• Work order: Give back exactly the lines of the material below that start at the line containing "esclavitud en la antigua grecia, esparta" and end at the line containing "vtwonen 5-2019 |", and no others.

• Data excerpts:
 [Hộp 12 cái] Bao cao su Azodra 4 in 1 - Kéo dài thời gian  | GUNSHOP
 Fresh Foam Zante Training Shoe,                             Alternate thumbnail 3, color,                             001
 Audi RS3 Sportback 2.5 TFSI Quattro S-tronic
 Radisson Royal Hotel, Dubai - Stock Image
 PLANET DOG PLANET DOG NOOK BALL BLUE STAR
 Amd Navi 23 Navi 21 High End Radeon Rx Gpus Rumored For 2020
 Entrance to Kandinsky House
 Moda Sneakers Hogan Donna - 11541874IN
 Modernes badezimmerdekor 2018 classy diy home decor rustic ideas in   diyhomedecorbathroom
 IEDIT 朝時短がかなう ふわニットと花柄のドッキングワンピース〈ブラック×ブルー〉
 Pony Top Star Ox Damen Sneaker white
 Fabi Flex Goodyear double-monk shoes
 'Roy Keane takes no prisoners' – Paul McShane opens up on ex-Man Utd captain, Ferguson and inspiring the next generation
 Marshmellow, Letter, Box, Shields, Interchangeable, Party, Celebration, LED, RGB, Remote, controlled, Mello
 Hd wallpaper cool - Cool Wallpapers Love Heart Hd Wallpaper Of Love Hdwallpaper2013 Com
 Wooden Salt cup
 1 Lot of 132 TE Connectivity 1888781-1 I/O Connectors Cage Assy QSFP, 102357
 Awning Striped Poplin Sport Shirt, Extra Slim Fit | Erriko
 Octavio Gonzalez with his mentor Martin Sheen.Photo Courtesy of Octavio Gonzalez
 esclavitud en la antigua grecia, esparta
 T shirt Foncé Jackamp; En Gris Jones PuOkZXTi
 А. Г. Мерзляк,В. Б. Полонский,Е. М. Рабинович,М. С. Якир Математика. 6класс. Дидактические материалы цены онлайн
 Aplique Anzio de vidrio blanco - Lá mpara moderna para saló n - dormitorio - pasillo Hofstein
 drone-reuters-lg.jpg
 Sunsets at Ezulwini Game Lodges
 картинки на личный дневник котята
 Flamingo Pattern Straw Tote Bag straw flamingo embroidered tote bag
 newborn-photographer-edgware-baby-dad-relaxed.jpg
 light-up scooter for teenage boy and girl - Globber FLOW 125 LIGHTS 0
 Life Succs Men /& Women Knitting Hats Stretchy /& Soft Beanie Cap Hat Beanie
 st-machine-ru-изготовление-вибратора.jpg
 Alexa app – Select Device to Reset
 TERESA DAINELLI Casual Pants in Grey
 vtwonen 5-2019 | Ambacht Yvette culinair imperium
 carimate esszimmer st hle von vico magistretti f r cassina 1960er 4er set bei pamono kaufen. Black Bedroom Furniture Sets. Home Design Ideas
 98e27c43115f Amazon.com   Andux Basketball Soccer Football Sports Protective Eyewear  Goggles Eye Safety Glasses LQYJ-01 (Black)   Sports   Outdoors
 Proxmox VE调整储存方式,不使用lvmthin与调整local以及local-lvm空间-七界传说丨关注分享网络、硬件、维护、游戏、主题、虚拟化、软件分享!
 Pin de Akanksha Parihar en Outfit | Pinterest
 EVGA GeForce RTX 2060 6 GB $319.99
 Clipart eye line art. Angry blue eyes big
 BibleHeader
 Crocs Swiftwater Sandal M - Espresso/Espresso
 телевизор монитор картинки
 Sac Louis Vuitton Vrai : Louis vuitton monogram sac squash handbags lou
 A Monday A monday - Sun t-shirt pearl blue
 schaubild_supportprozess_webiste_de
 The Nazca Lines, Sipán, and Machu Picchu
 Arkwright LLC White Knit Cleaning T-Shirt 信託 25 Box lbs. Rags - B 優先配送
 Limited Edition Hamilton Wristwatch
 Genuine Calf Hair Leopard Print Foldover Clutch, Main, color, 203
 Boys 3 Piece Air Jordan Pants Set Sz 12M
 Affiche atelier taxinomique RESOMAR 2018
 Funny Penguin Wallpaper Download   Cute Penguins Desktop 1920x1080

• Response:
 esclavitud en la antigua grecia, esparta
 T shirt Foncé Jackamp; En Gris Jones PuOkZXTi
 А. Г. Мерзляк,В. Б. Полонский,Е. М. Рабинович,М. С. Якир Математика. 6класс. Дидактические материалы цены онлайн
 Aplique Anzio de vidrio blanco - Lá mpara moderna para saló n - dormitorio - pasillo Hofstein
 drone-reuters-lg.jpg
 Sunsets at Ezulwini Game Lodges
 картинки на личный дневник котята
 Flamingo Pattern Straw Tote Bag straw flamingo embroidered tote bag
 newborn-photographer-edgware-baby-dad-relaxed.jpg
 light-up scooter for teenage boy and girl - Globber FLOW 125 LIGHTS 0
 Life Succs Men /& Women Knitting Hats Stretchy /& Soft Beanie Cap Hat Beanie
 st-machine-ru-изготовление-вибратора.jpg
 Alexa app – Select Device to Reset
 TERESA DAINELLI Casual Pants in Grey
 vtwonen 5-2019 | Ambacht Yvette culinair imperium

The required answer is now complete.